Наутро я сел в автобус, направлявшийся в Кносс. Добравшись до места, еще с милю я шел пешком до самих руин. Я испытывал такой душевный подъем, что летел, не чуя ног под собой. Наконец-то моя мечта осуществится. С неба, затянутого облаками, слегка накрапывало. Вновь, как в Микенах, я чувствовал, что какая-то неодолимая сила влечет меня вперед. Наконец дорога плавно повернула, и я замер как вкопанный; я чувствовал, что прибыл на место. Огляделся вокруг, но не увидел и намека на руины. Несколько минут я стоял, вглядываясь в контуры гладких холмов, едва касавшихся пронзительно синего неба. Это должно быть здесь, сказал я себе, ошибки быть не может. Я вернулся той же дорогой назад к началу поворота и пошел напрямую по полям к узкой глубокой ложбине между холмами. И вдруг слева от себя я обнаружил прямоугольную постройку с колоннами, покрытыми яркими, броскими росписями, — дворец царя Миноса. Я находился у северного входа в развалины дворца, среди строений, разрушенных огнем. Я обогнул холм и у главного входа присоединился к небольшой группе греков, хвостом ходивших за гидом, который говорил бустрофедоном, что, по мне, звучало как настоящий язык пеласгов.
Эстетика всего того, что было воссоздано сэром Артуром Эвансом, сильно расходилась с тем, что я ожидал увидеть. Я не мог прийти к какому-то определенному заключению; я принял увиденное как данность. Как бы, предположительно, ни выглядел Кносс в прошлом, каким он ни окажется в будущем, иного Кносса, чем тот, что воссоздан Эвансом, мне никогда не увидеть. Я благодарен ему за все, что он сделал, благодарен за то, что он дал мне возможность сойти по огромной лестнице, посидеть на изумительном троне, копия которого в Гаагском трибунале сегодня стала уже почти такой же реликвией прошлого, как оригинал.

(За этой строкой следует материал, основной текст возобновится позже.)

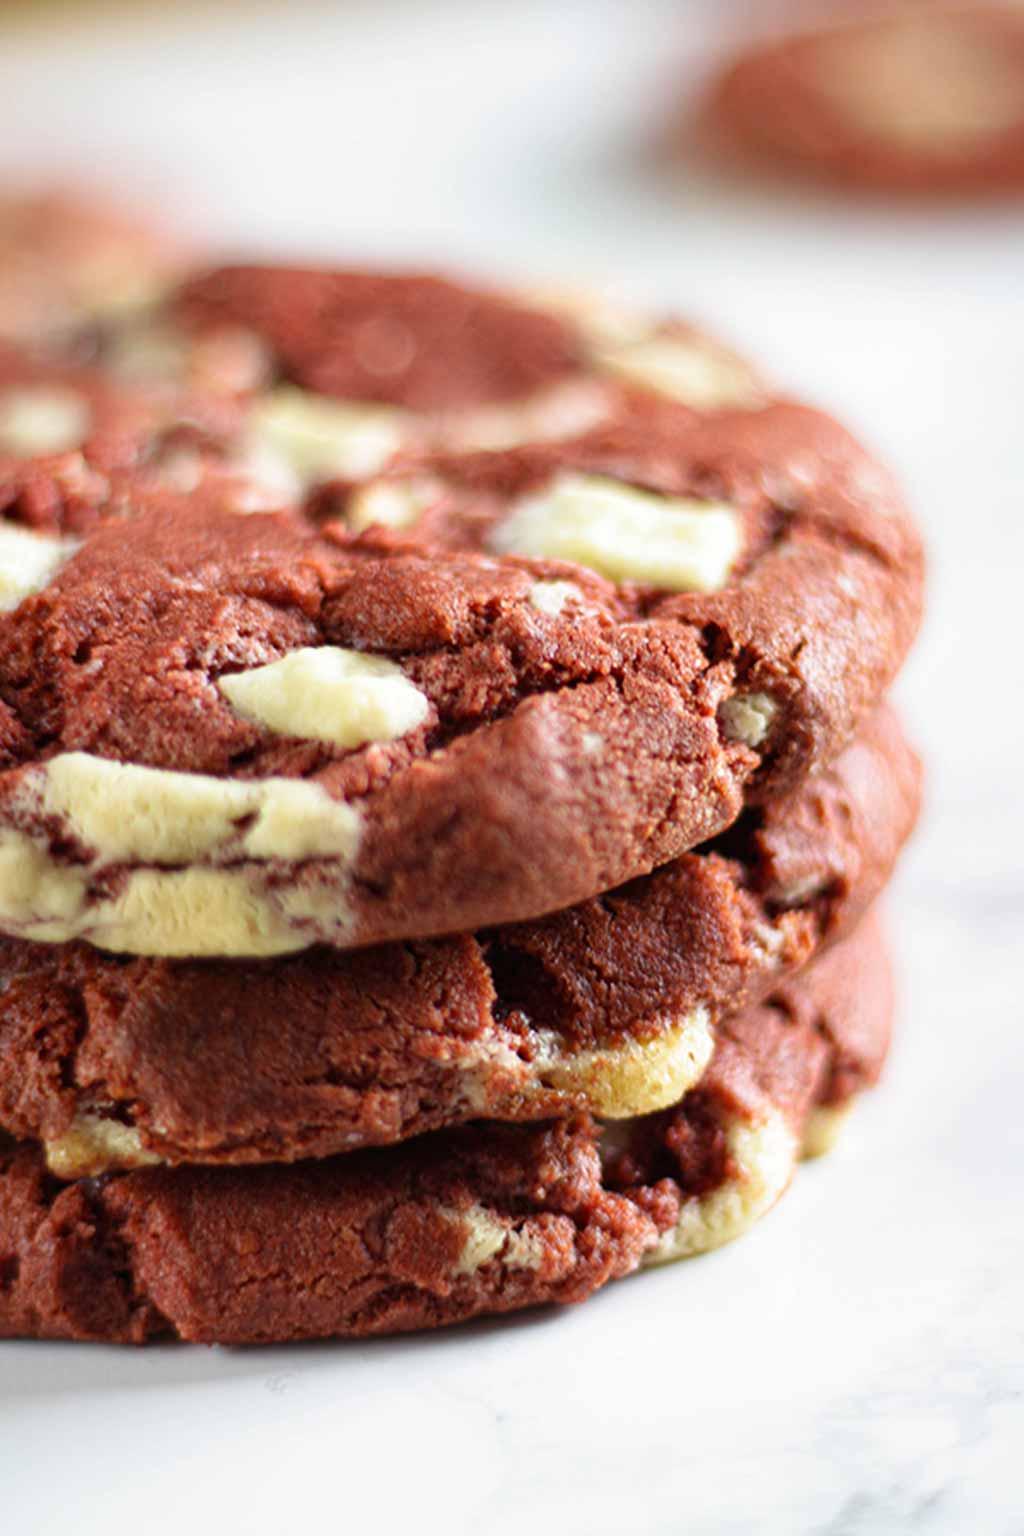 Stack Of 3 red velvet Cookies

Кносс всем своим обликом внушает мысль о величии, здравомыслии и богатстве обитавшего здесь могучего и миролюбивого народа. От него веет радостью — радостью, силой, чистотой, здоровьем. Простой люд играл тут большую роль, это очевидно. Говорят, что на протяжении своей долгой истории он испробовал все системы правления, известные человеку; во многом он ближе по духу к новому времени, я бы сказал, к двадцатому веку, чем эллинский мир более поздних эпох. Кто-то ощущает в нем влияние Египта, уютную человеческую непосредственность этрусского мира, дух сплоченной общины инков. Не хочу делать вид, что знаю наверняка, но сердце подсказывает — а это, когда я стоял перед руинами прошлого, случалось со мной нечасто, — что здесь долгие века царил мир. Есть что-то предельно земное в Кноссе, некая атмосфера, которая возникает, когда слышишь китайскую или французскую речь. Религиозная нота снисходительно приглушена; женщины наравне с мужчинами принимают участие во всех делах этого народа; явно ощутим дух игры. Короче говоря, преобладающая нота здесь — нота радости. Чувствуется, что человек жил, чтобы жить, что его не преследовали мысли о жизни посмертной, что его не тянуло назад чрезмерное почитание душ умерших предков, что он был религиозен только так, как и подобает человеку: наилучшим образом приспосабливая под свои нужды все, что попадало ему под руку, максимально используя каждую уходящую минуту жизни. Кносс был земным в лучшем смысле этого слова. Цивилизация, олицетворением которой он был, погибла за пятнадцать столетий до пришествия Спасителя, завещав Западному миру величайшее достижение из поныне известных человеку — алфавит. В другой части острова, в Гортине, это открытие увековечено на громадных каменных глыбах, пересекающих поля, как миниатюрная Китайская стена. Ныне алфавит потерял свою магию, стал мертвой оболочкой мертвых мыслей.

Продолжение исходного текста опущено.